Example of the variance of ancestry under a constant-admixture scenario with assortative mating in producing g ≥ 2 when populations are allowed to differ in the direction of their mating preference. (A) Autosomes, $\mathbb{V}\left[H_{1,g,\delta }^A\right]$. (B) X chromosomes in a female, $\mathbb{V}\left[H_{1,g,f}^X\right]$. (C) X chromosomes in a male, $\mathbb{V}\left[H_{1,g,m}^X\right]$. In all scenarios, populations S₁ and H experience positive assortative mating, c₁₁,c_hh = 0.02. Green curves show a scenario in which S₂ also experiences positive assortative mating, c₂₂ = 0.06; purple curves show a scenario in which S₂ experiences negative assortative mating, c₂₂ = −0.04. The scenario of random mating with the same contribution parameters is the black dashed line. The plots use eqs. (20), (21), and (29)–(32). We set $s_1^f=s_1^m=s_2^f=s_2^m=0.2$, and use initial conditions $s_{1,0}^f=s_{1,0}^m=s_{2,0}^f=s_{2,0}^m=0.5$ and c_11,0 = 0. In this example, negative assortative mating in S₂ offsets the positive assortative mating in S₁ and H, producing lower variances of admixture in S₁, $\mathbb{V}\left[H_{1,g,\delta }^{\gamma }\right]$, in the assortatively mating population than in the randomly mating population.

Figure 7:

Timing of admixture under assortative mating.
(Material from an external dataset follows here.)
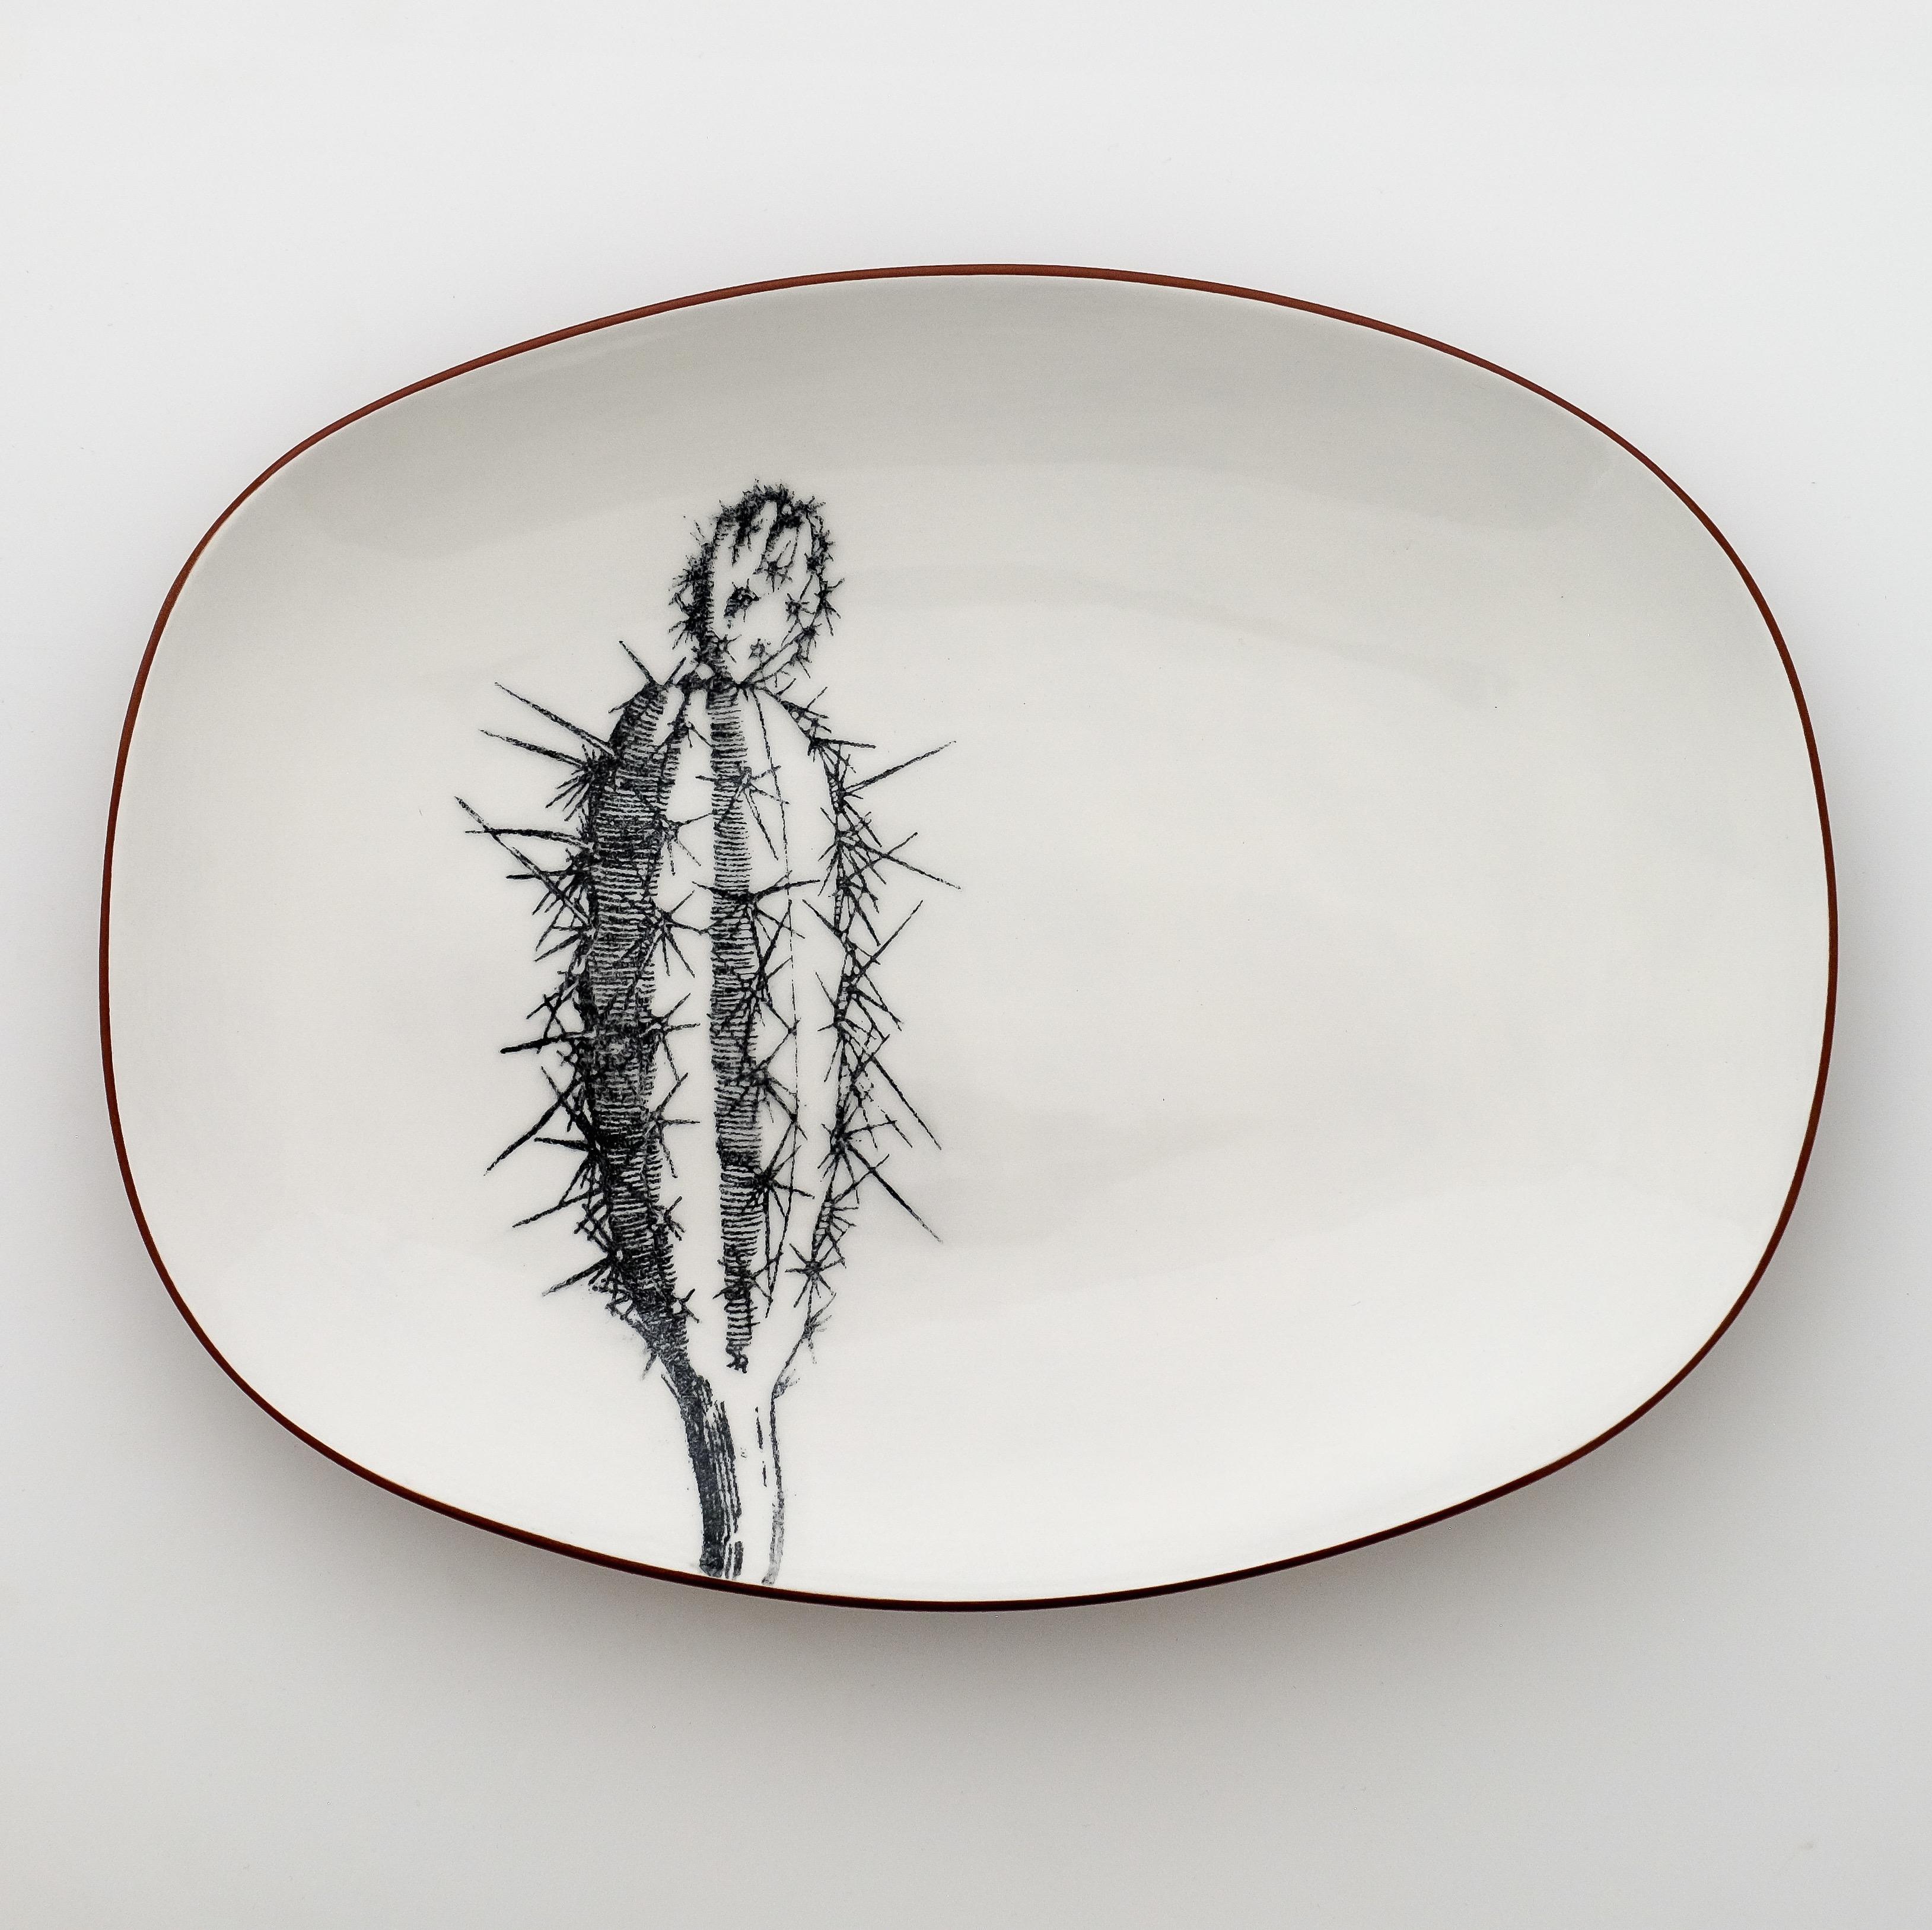 cactus oval dish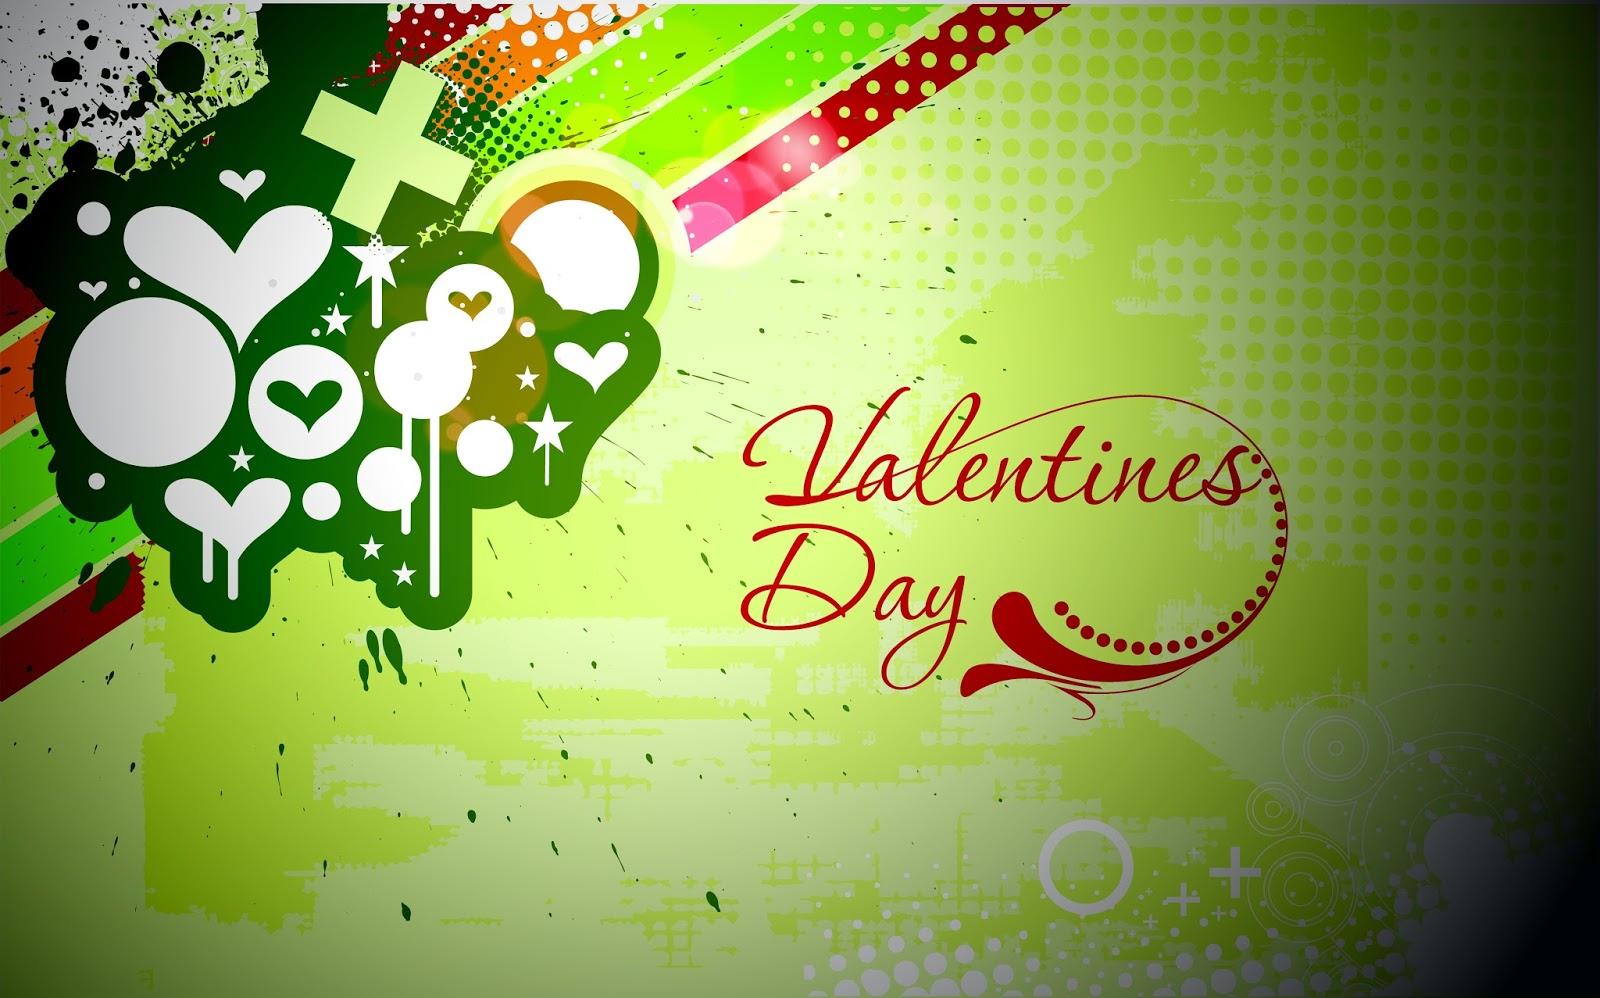 Fondos De Pantalla Gratis San Valentin 16: Imagenes Y Wallpapers: Fondo De Pantalla Dia De San Valentin

The number of generations since admixture, g, for a single admixture event is plotted as a function of c_11,0 using the variance in autosomal admixture, eq. (51), with V ^A = 0.0625 and $s_{1,0}^s=s_{1,0}^m=0.5$. The plot traverses the range of possible c_11,0 values for g ≥ 0. Recalling that the values of the c_ij,0 are bounded such that the probability of each given parental pairing takes its values in the interval [0, 1], and such that each probability is no greater than the probability of one of its constituent components, for c_11,0 > 0, we have $c_{11,0}\le \text{min}\left(s_{1,0}^f,s_{1,0}^m\right)-s_{1,0}^f{s}_{1,0}^m$. In this case, c_11,0 ≤ 0.25. For c_11,0 < 0, we have $c_{11,0}\ge s_{1,0}^f{s}_{1,0}^m$. In this case, we have c_11,0 ≥ −0.25. However, g cannot be negative; therefore, in this case, we truncate the domain at the value of c_11,0 that produces g = 0. The value of g for a randomly mating population with the same contributions and variance is shown in the dashed line.